──────── PROVIDED MATERIAL

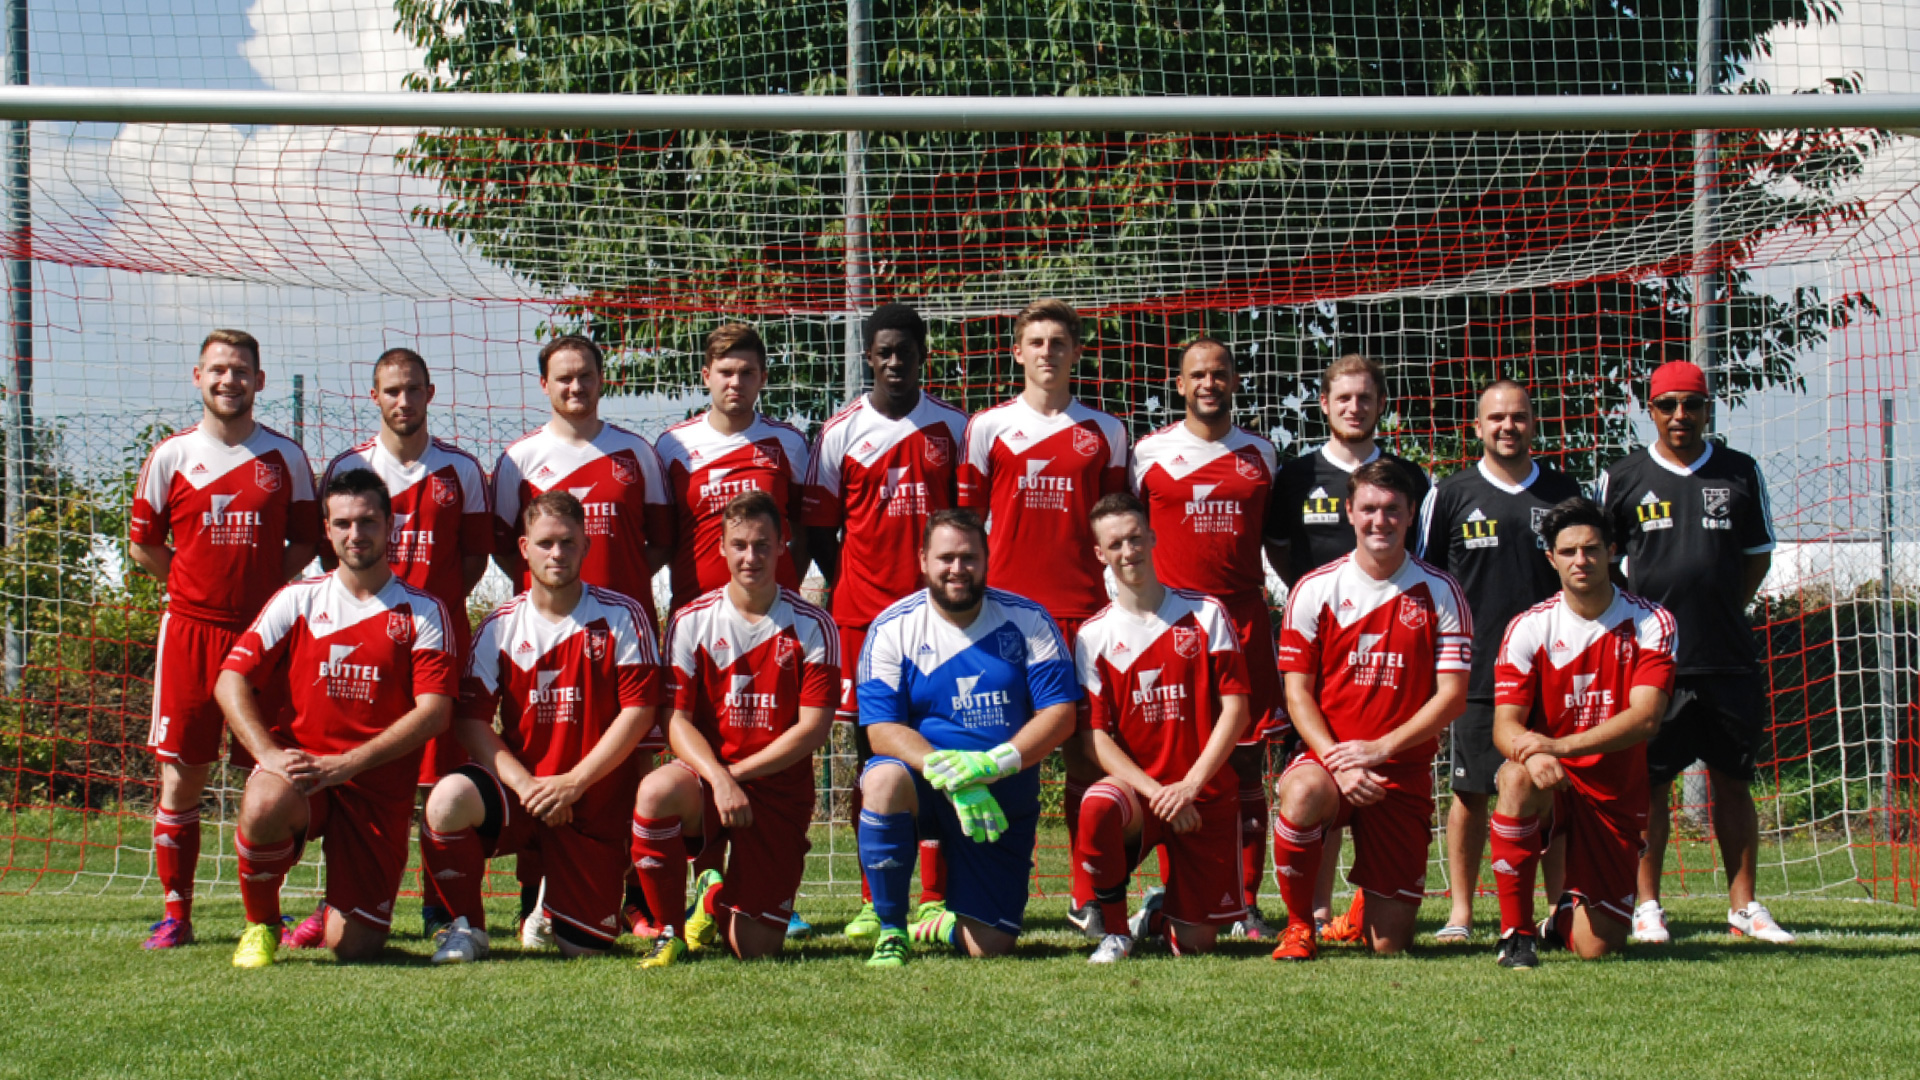 TSV Rhenania Rheindürkheim 08 e.V. Fußballmannnschaft
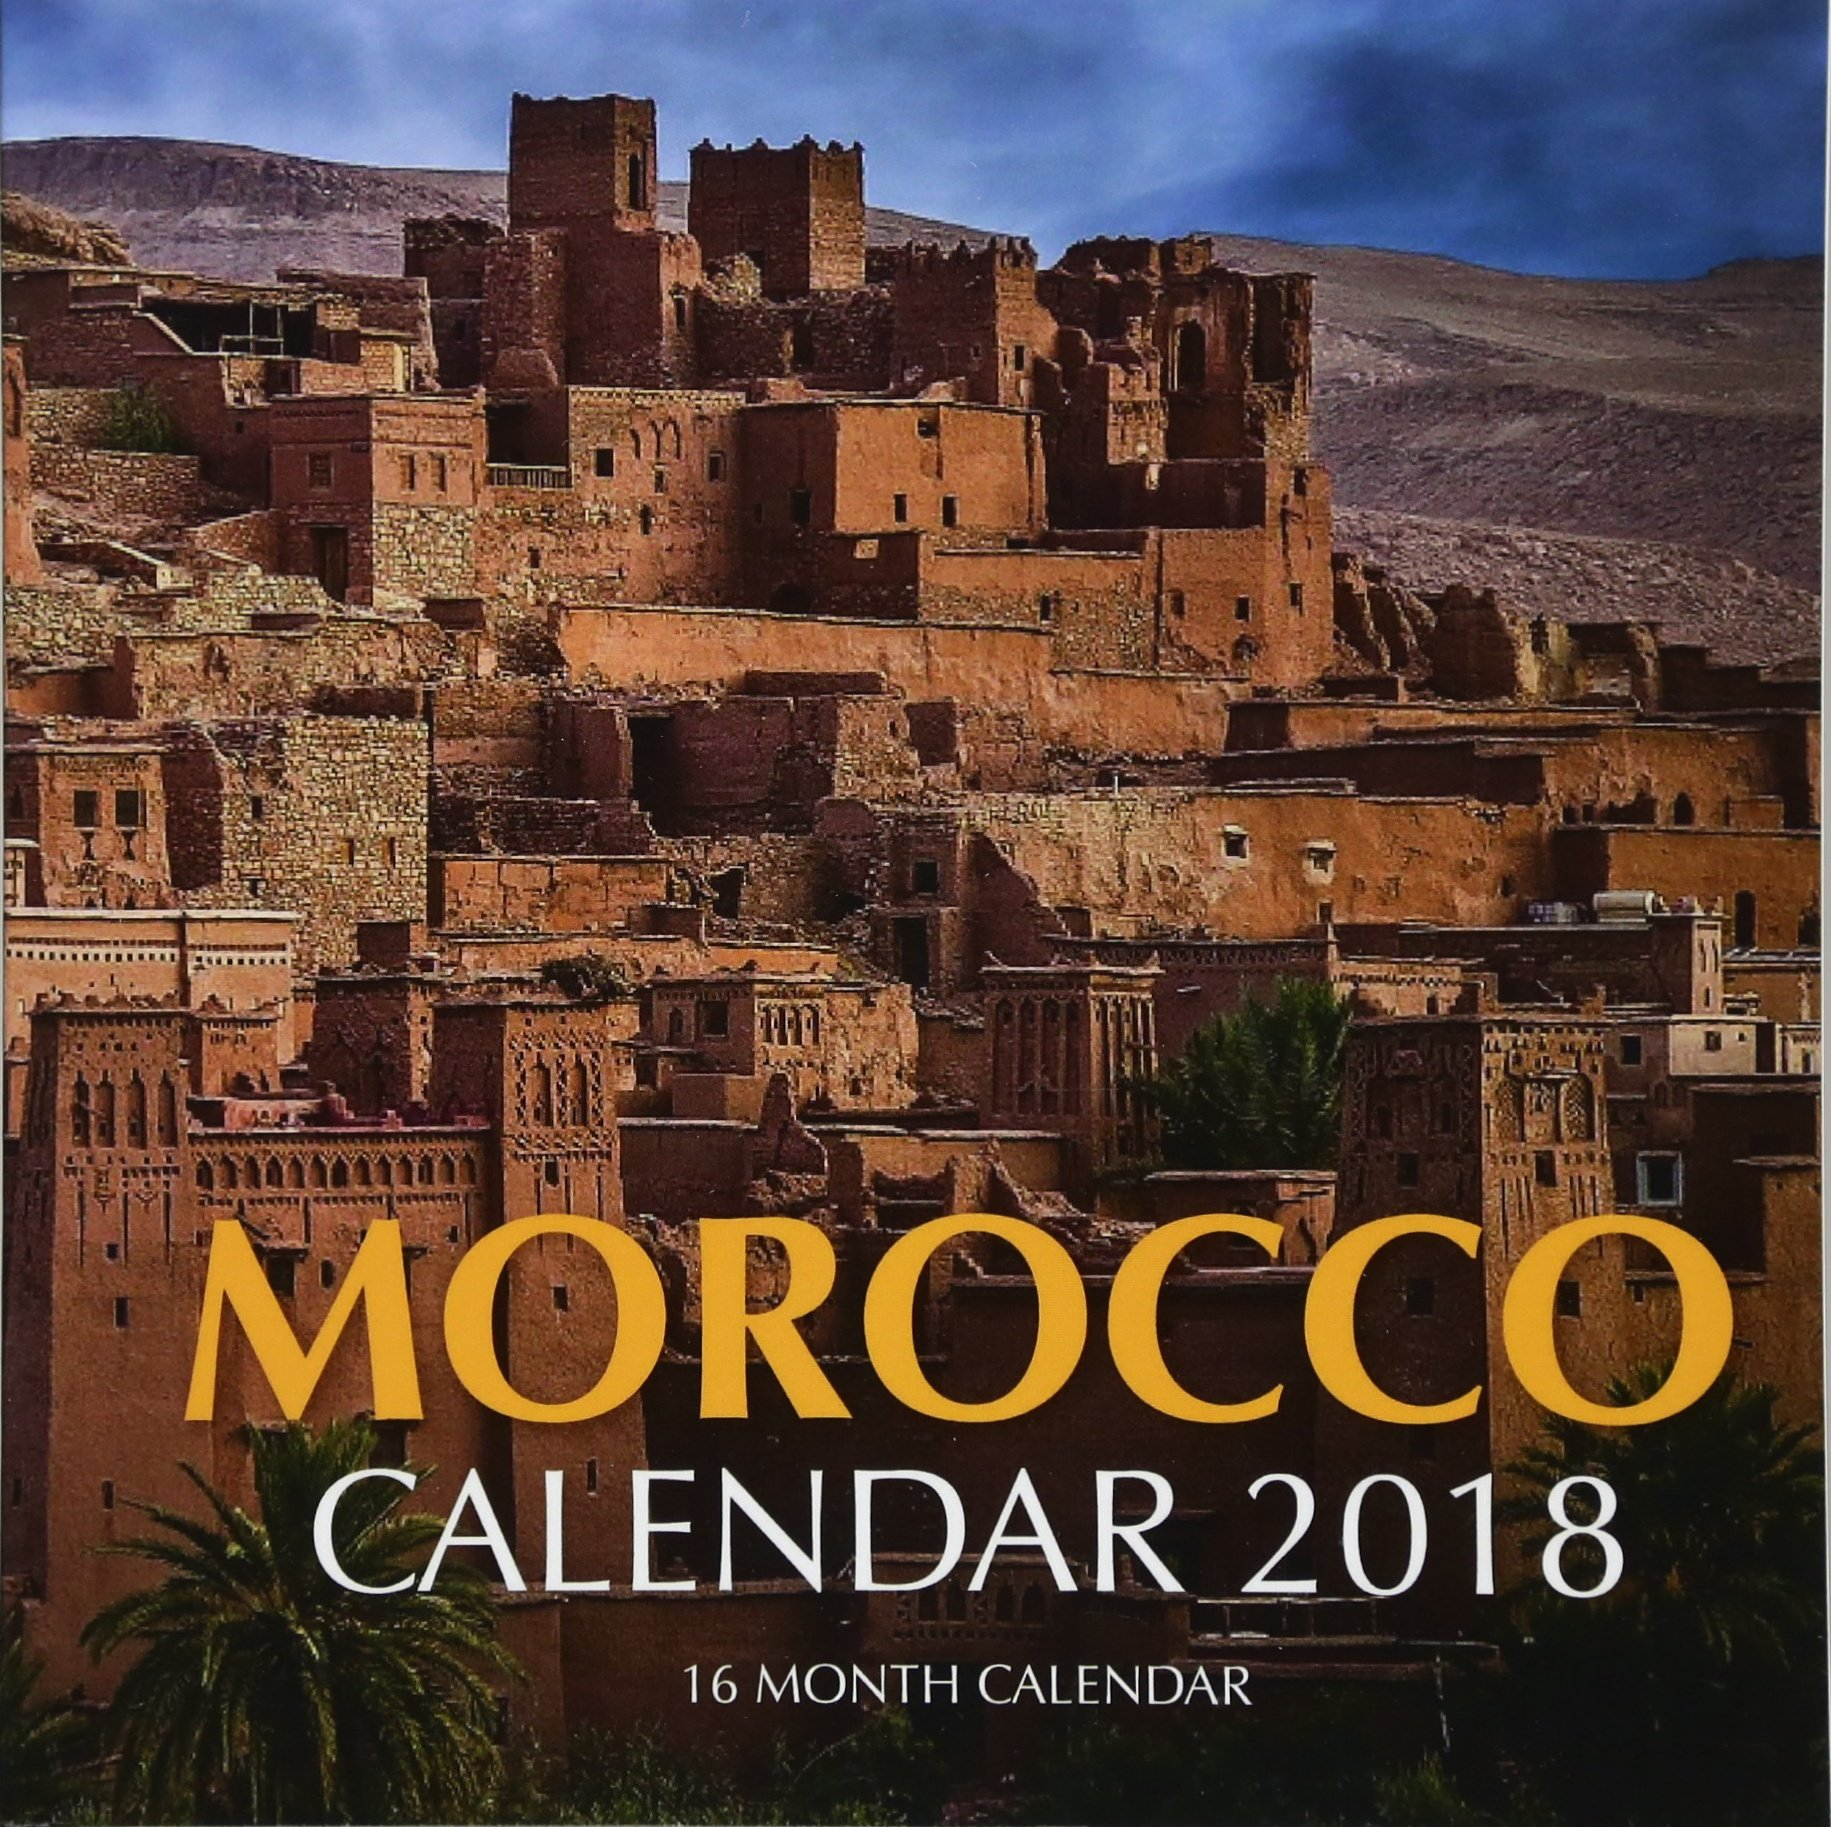 Morocco Calendar 2018: 16 Month Calendar
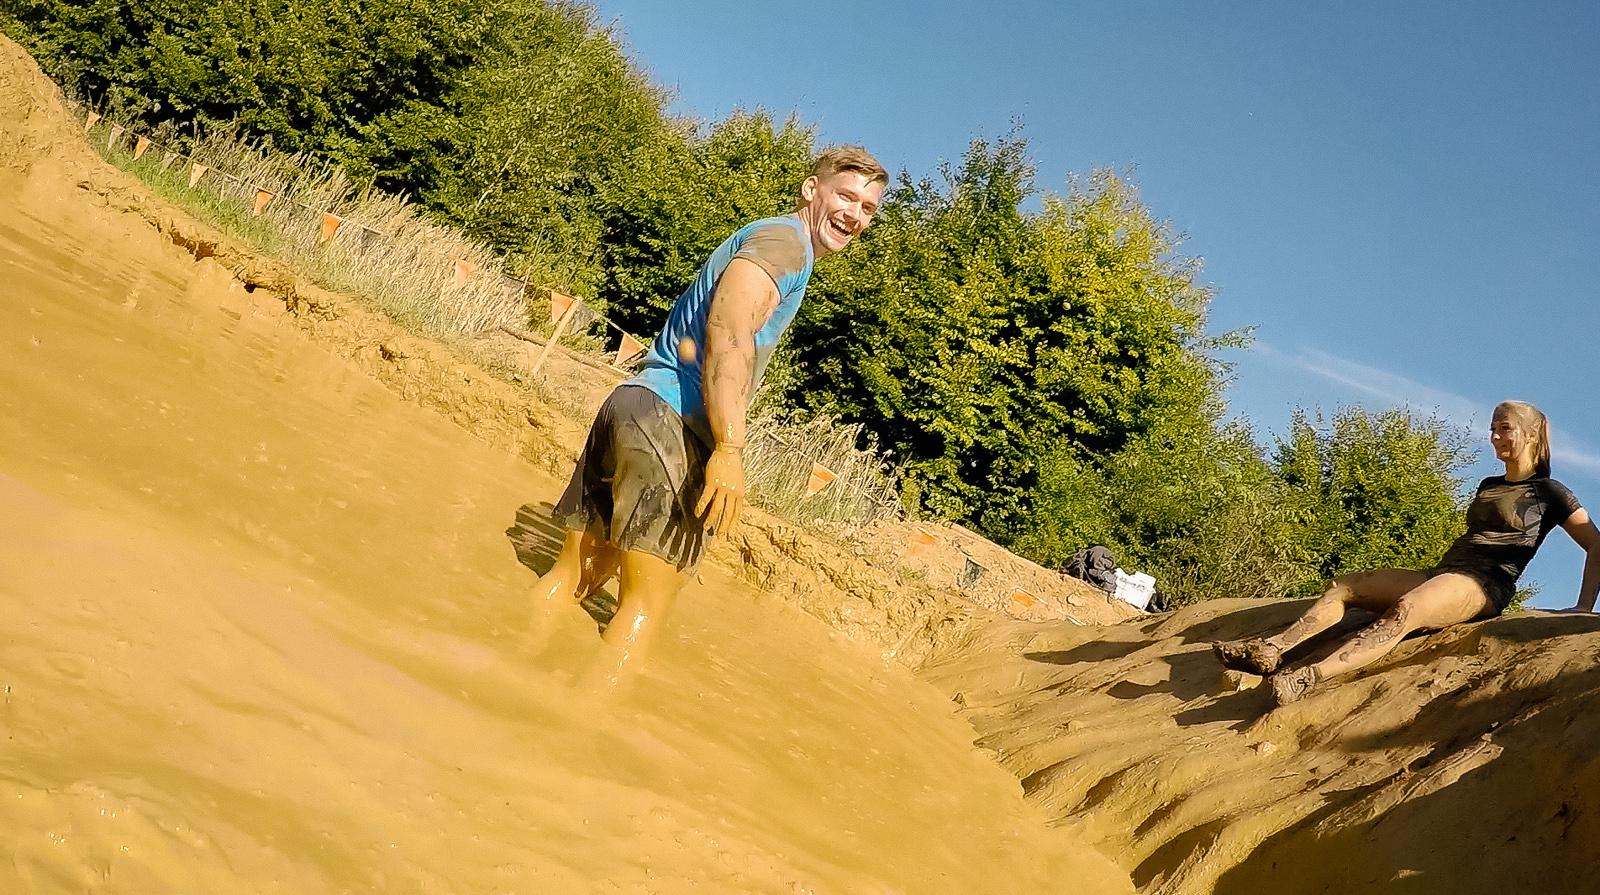 fitnessblog-fitnessblogger-fitness-blog-blogger-stuttgart-dreamteamfitness-tough-mudder-37
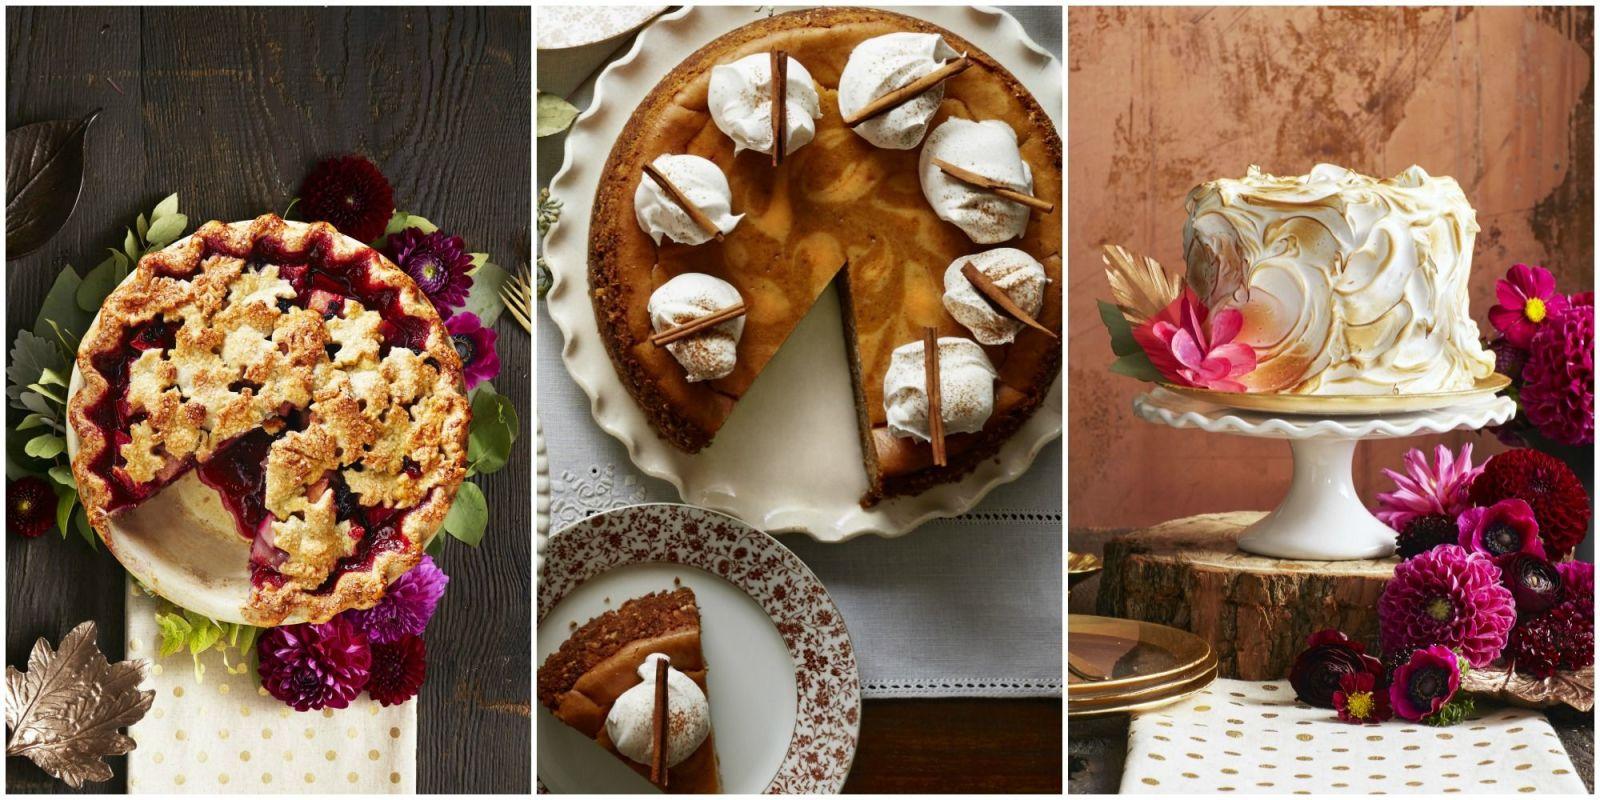 「desserts」的圖片搜尋結果

────────────────

▶ **TO DO**
Copy out the listing above in full and leave out its pictures.

▶ **SOLUTION TO THIS TASK**
 TSV Rhenania Rheindürkheim 08 e.V. Fußballmannnschaft
 Morocco Calendar 2018: 16 Month Calendar
 fitnessblog-fitnessblogger-fitness-blog-blogger-stuttgart-dreamteamfitness-tough-mudder-37
 「desserts」的圖片搜尋結果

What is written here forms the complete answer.